Popularity:647 ℃/2024-11-16 16:27:27

I. Background
Cross-clock domain processing of data is a common problem during FPGA development and exists in two cases

    1. Slow clock to fast clock synchronization: just two beats in the fast clock domain. The RTL is as follows:

    The principle of beat synchronization: everyone in the beginning of learning FPGA, often heard of FPGA signal beat can effectively avoid substability, and generally to play two beats, the essence of its mathematics is that if the probability of hitting a beat of the error is 1/1000, then the probability of hitting two beats of the error is 1/1,000,000, which is statistically significant from the infinite close to zero.
    From the point of view of the circuit itself, if the update frequency of a signal is not synchronized with the update frequency of the signals in the current clock domain, then any operation with the signals in the current clock domain may result in a burr or failure to meet the establishment or hold time of the lower register.

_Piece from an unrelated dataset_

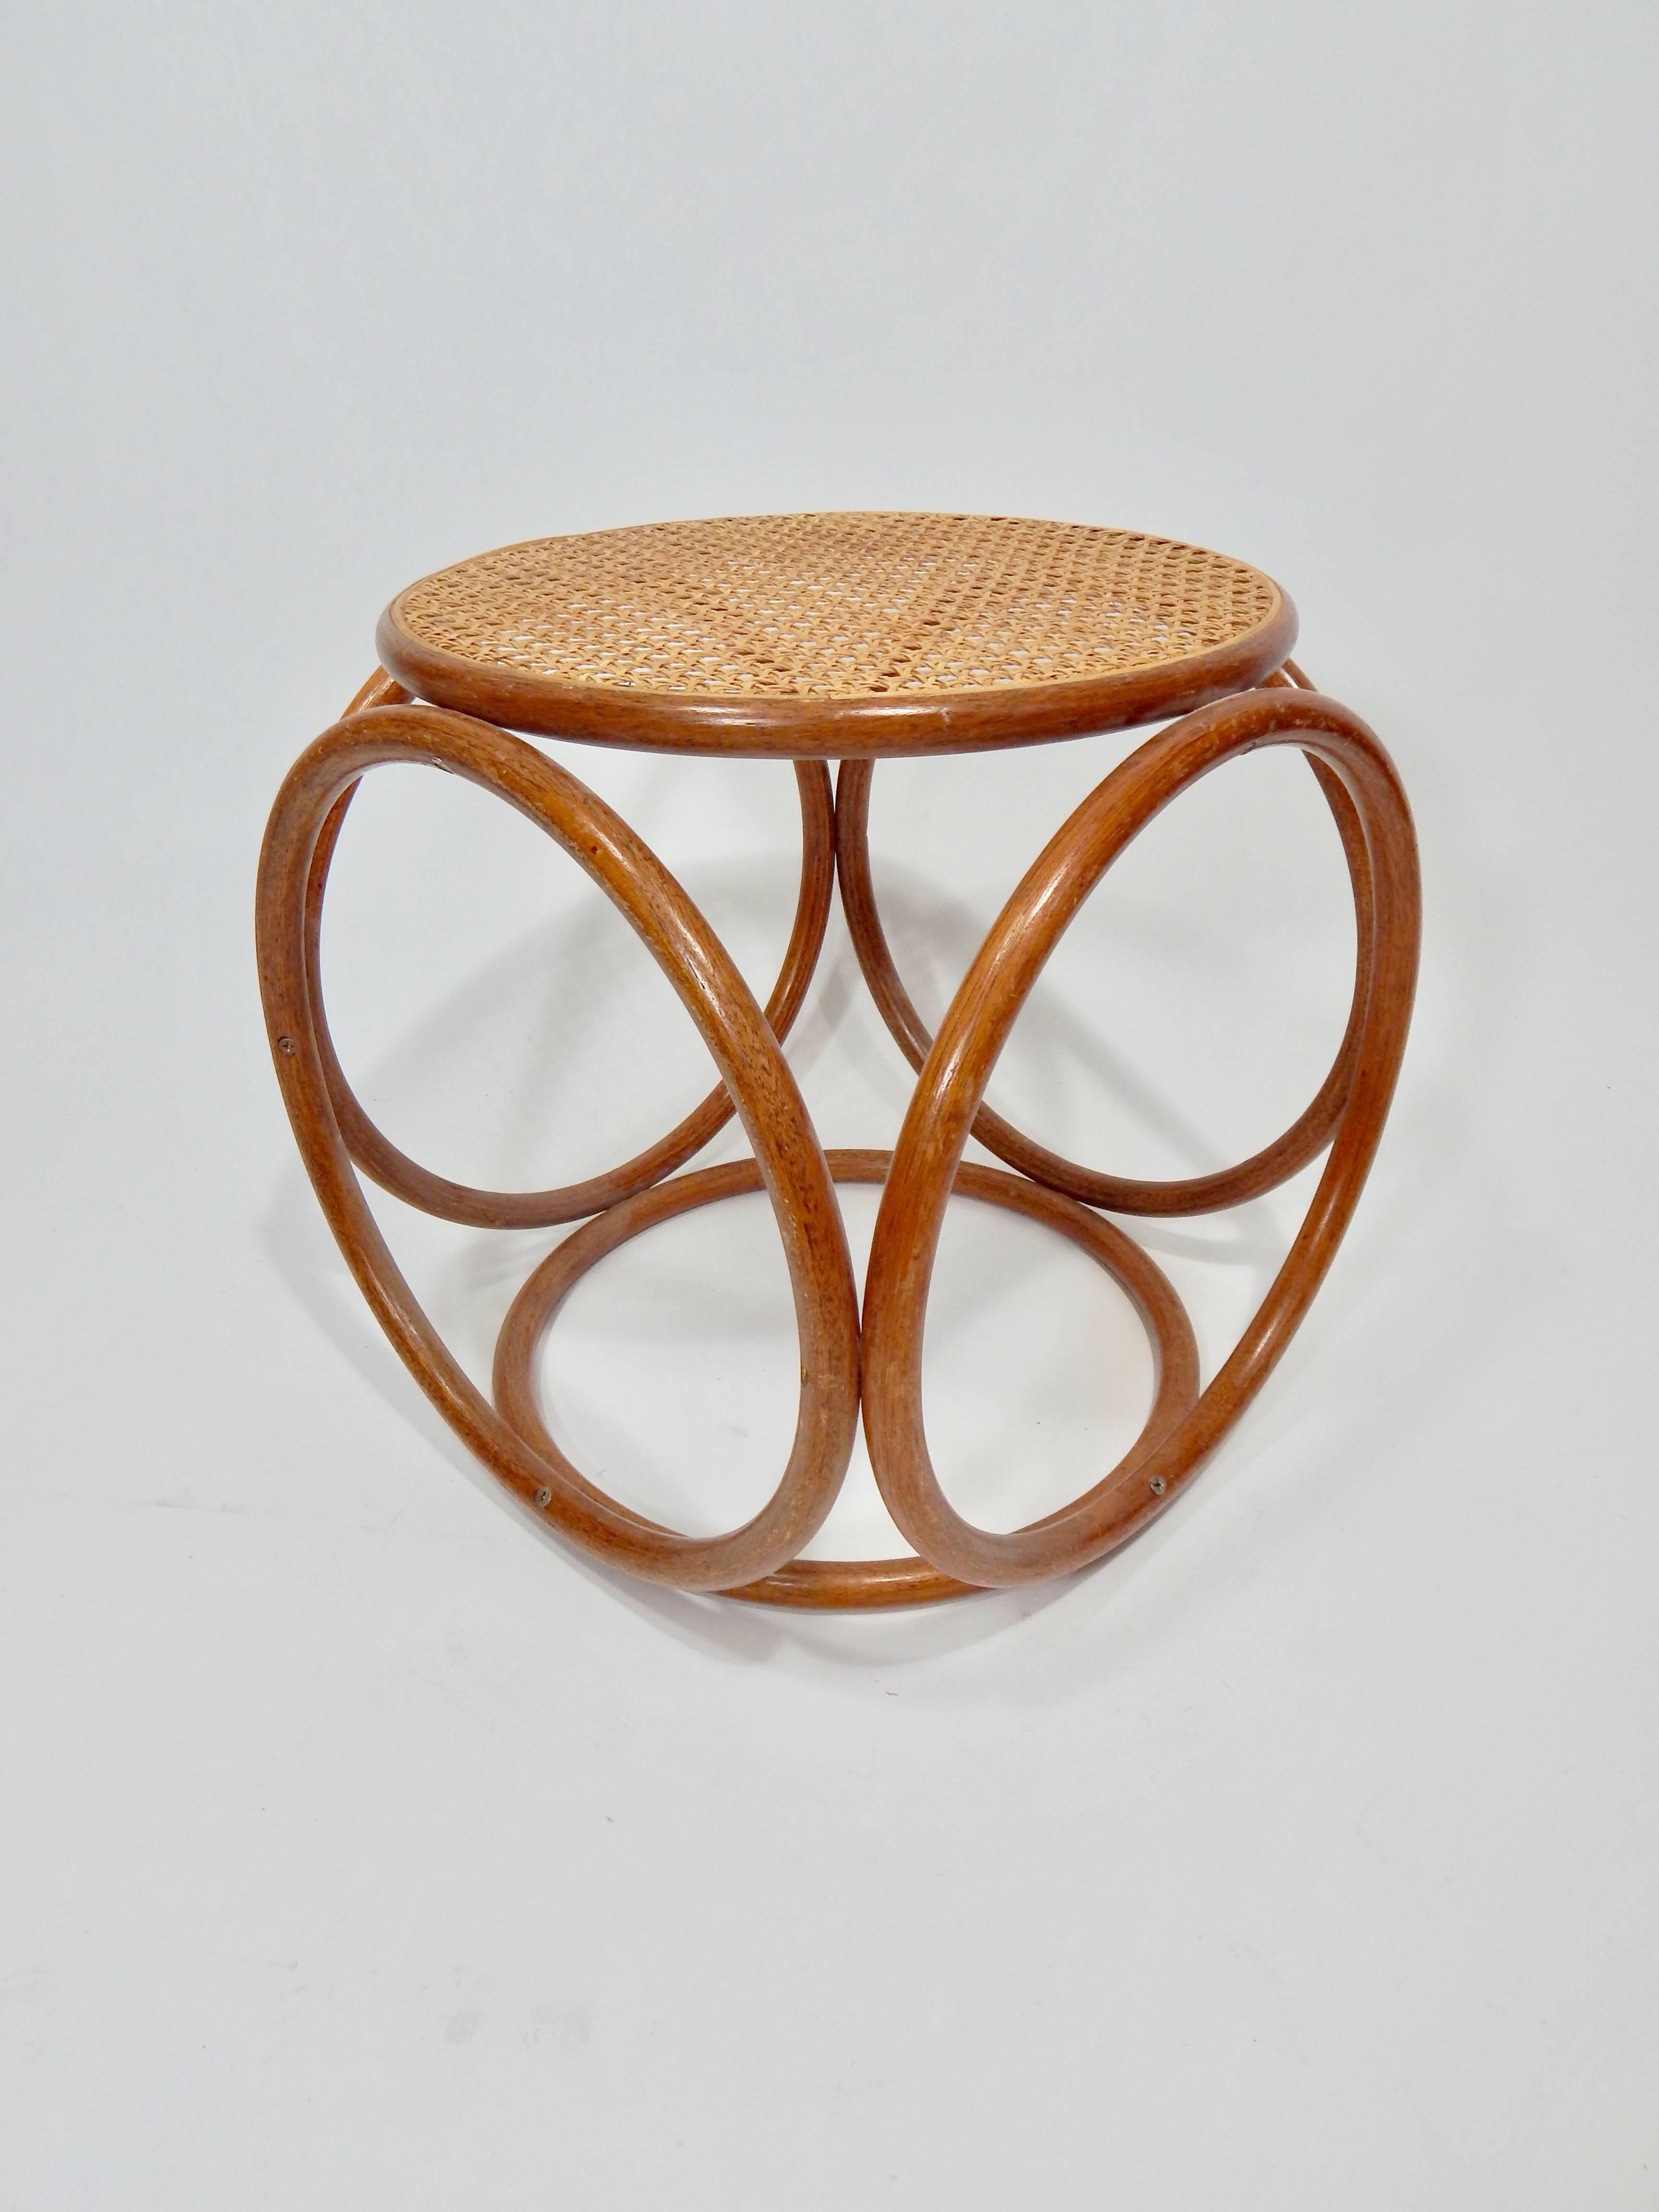 20th Century Thonet Bentwood and Cane Stool Ottoman Mid Century

Therefore, in order to ensure that the new introduction of this non-domain of the clock signal will not cause devastation to the clock domain, it must be synchronized, and the method is to use the current clock region of the clock to sample it. The two beat is to let the asynchronous signal beat two can let the asynchronous level signal to reach a more "robust" level interval, two avoid the establishment time, multi-level fan-out caused by the logic level instability of the situation. The following is excerpted from The FPGA Way:

"Why sample twice?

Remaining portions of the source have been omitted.